Sechsundzwanzigstes Kapitel

[145] Der Einwurf ist ein Satz, welcher das Gegentheil eines Vordersatzes aussagt. Von dem Vordersatze eines Schlusses unterscheidet er sich darin, dass der Einwurf beschränkt lauten kann, während bei dem Vordersatze dies entweder überhaupt nicht statthaft ist oder wenigstens nicht bei Schlüssen, die allgemein lauten. Der Einwurf kann auf doppelte Weise und in zwei Figuren angebracht werden; doppelt, weil jeder Einwurf entweder allgemein oder beschränkt lauten kann, und in zwei Figuren, weil er als Gegensatz gegen den Vordersatz aufgestellt werden muss, und Gegensätze nur in der ersten und dritten Figur gefolgert werden können. Denn wenn der Vordersatz behauptet, dass Etwas in allen enthalten sei, so kann man einwerfen, dass es in keinem enthalten oder in einigen nicht enthalten sei und davon kann das »in keinem« nur in der ersten Figur, und das »in einigen nicht« nur in der dritten Figur geschlossen werden. Es sei z.B. A der Satz: Eine Wissenschaft sein, und B seien: Gegentheile. Wenn nun Jemand behauptet, von[145] Gegentheiligem gebe es nur eine Wissenschaft, so macht man entweder den Einwurf, dass überhaupt es nicht ein und dieselbe Wissenschaft über Entgegengesetztes gebe und zu dem Entgegengesetzten gehörten die Gegentheile, so dass also die erste Figur sich ergiebt; oder dass es von Bekanntem und Unbekanntem nicht eine Wissenschaft gebe, was die dritte Figur ist; denn von dem C, welches das Bekannte und Unbekannte bezeichnen soll, ist es zwar wahr, dass es Gegentheile enthält, allein falsch ist es, dass es davon eine Wissenschaft gebe.

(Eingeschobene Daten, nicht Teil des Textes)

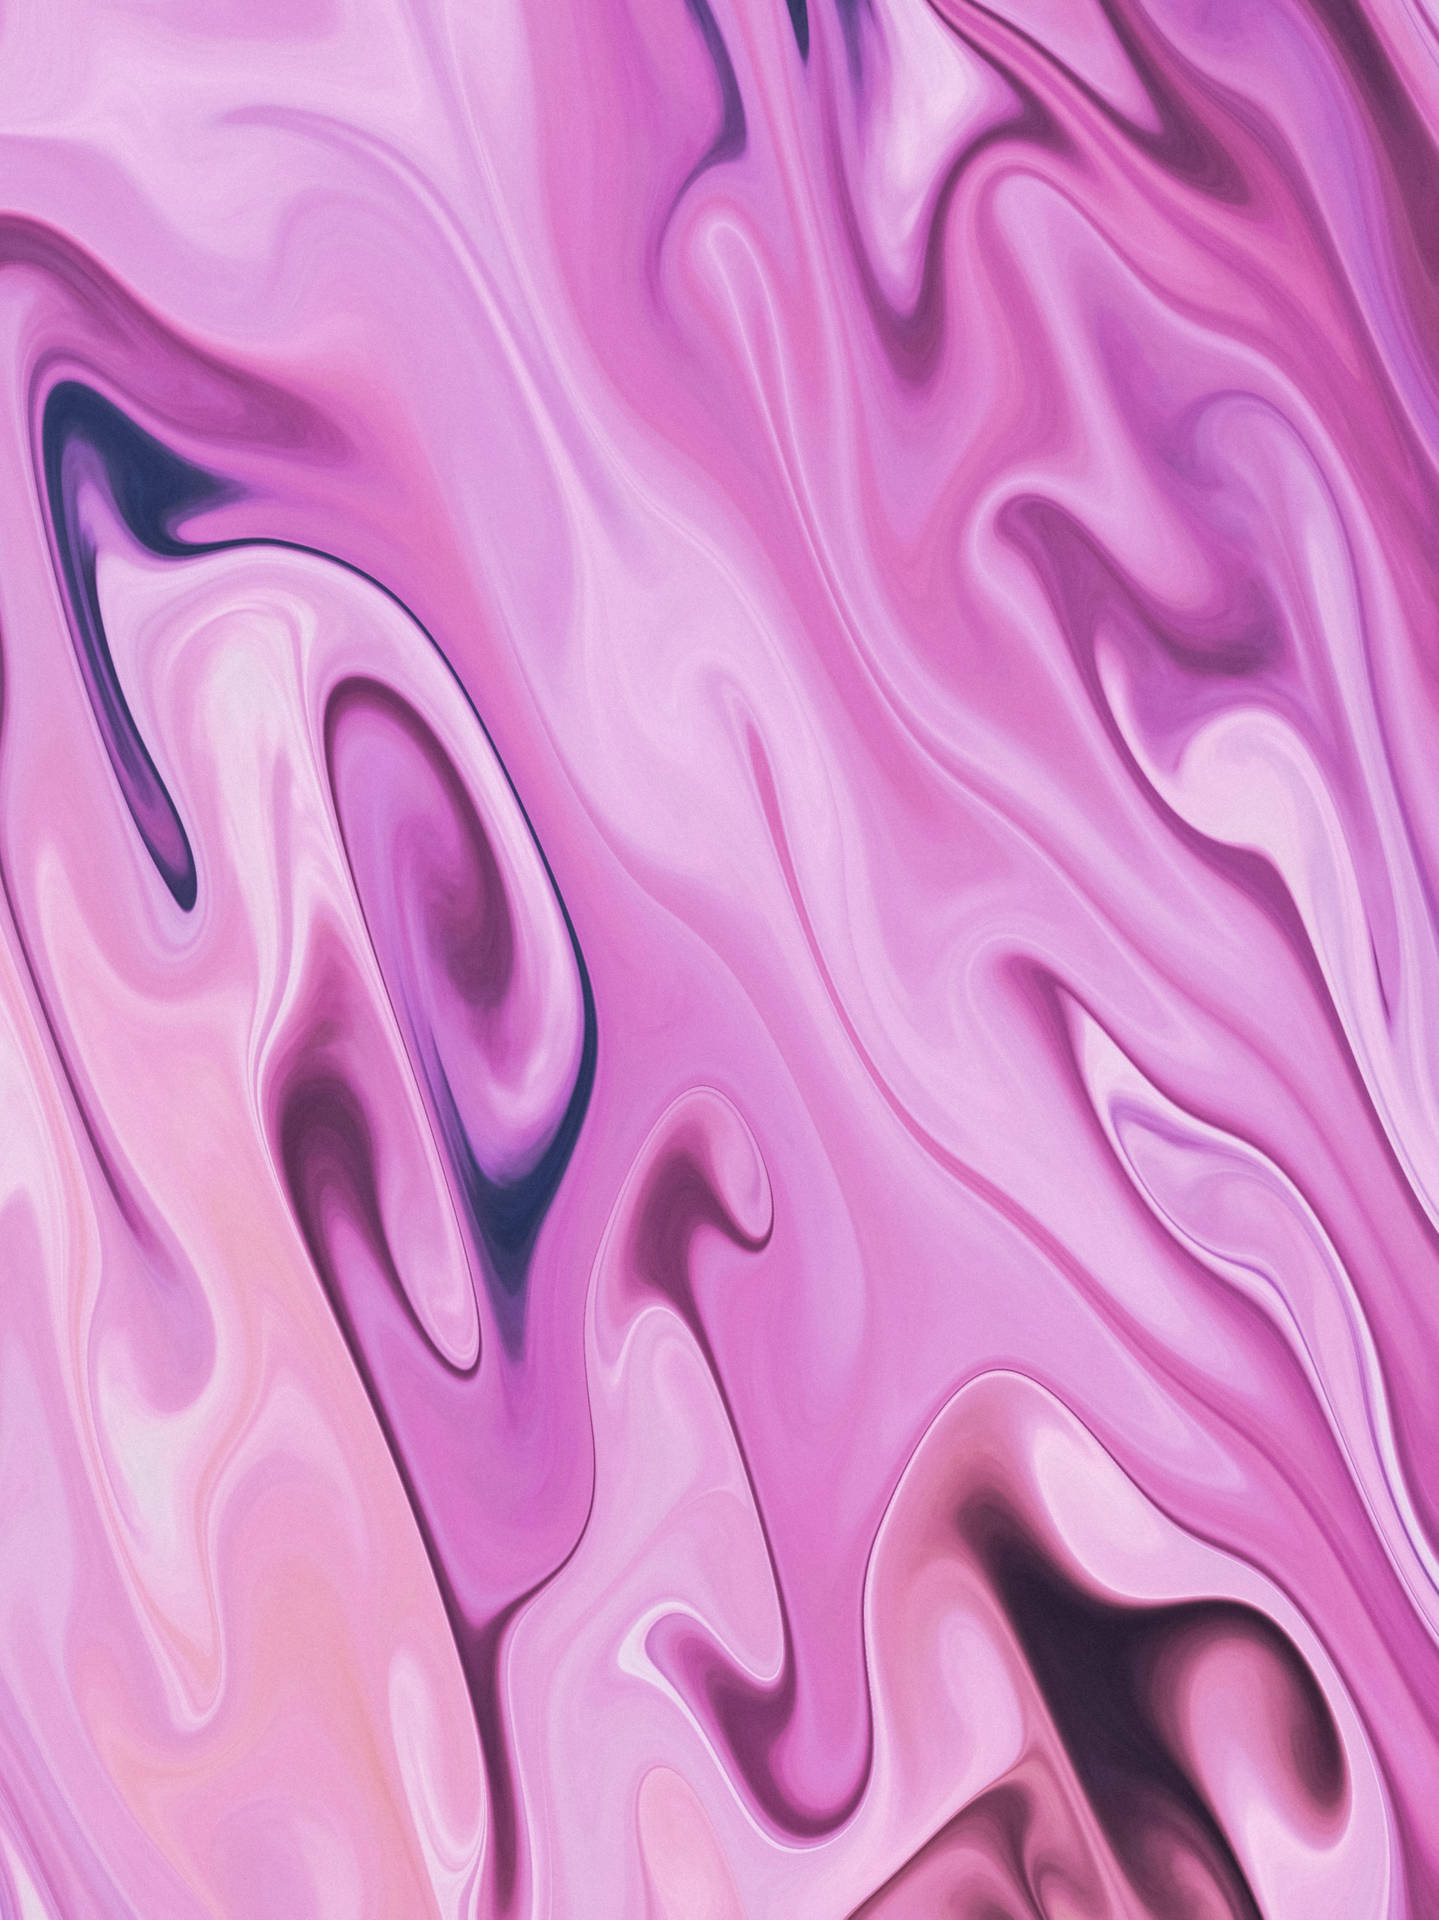 Light Purple Aesthetic Swirls Picture

Eben so verhält es sich auch, wenn der Vordersatz verneinend lautet. Denn behauptet Jemand, dass es von den Gegentheilen nicht ein und dieselbe Wissenschaft gebe, so könne man einwerfen, entweder: dass von allen widersprechenden Gegensätzen oder von einigen Gegentheilen es eine Wissenschaft gebe, z.B. von dem Gesunden und Kranken; das Erstere wird nun in der ersten und das Letztere in der dritten Figur bewiesen. Ueberhaupt muss man, wenn man den Einwurf allgemein aufstellen will, den Gegensatz gegen den allgemein gefassten Vordersatz aufstellen; wenn also behauptet wird, dass es von allen Gegentheilen eine Wissenschaft nicht gebe, so muss man einwerfen, dass es von allen Gegensätzen eine Wissenschaft gebe; dann muss der Einwurf nothwendig in der ersten Figur aufgestellt werden; denn Mittelbegriff wird hier der allgemeine, in Verhältniss zu dem in der Behauptung gesetzte Begriff. Lautet aber der Einwurf nur beschränkt, so muss er sich auf das Allgemeine, von dem der Vordersatz ausgesagt wird, beziehen; z.B. dass es von Bekanntem und Unbekanntem nicht eine Wissenschaft gebe; denn der Begriff: »Gegentheil« ist dazu das Allgemeine, und es ergiebt sich dann die dritte Figur. Der Mittelbegriff ist hier der beschränkte Begriff, wie hier das Bekannte und das Unbekannte. In den Figuren, in welchen das Entgegengesetzte geschlossen werden kann, in diesen versucht man auch die Einwürfe einzukleiden, und deshalb kann man sie nur in diesen beiden Figuren anbringen, denn nur in diesen gehen die Schlüsse auf das Entgegengesetzte, da in der zweiten Figur die Schlusssätze nicht bejahend lauten. Dies gilt auch dann, wenn der in der zweiten Figur aufgestellte Einwurf etwa einer weiteren Begründung bedürfte;[146] wenn z.B. nicht zugegeben würde, dass A in B enthalten sei, weil das C von dem A nicht ausgesagt werde; denn dies kann erst aus anderen Vordersätzen dargelegt werden. Allein man darf den Einwurf nicht auf Anderes ausdehnen, sonderen den anderen Vordersatz, der zum Beweis des Einwurfs nöthig ist, als einen selbstverständlichen bei der Hand haben. Deshalb kann auch kein Zeichen aus der zweiten Figur erschlossen werden.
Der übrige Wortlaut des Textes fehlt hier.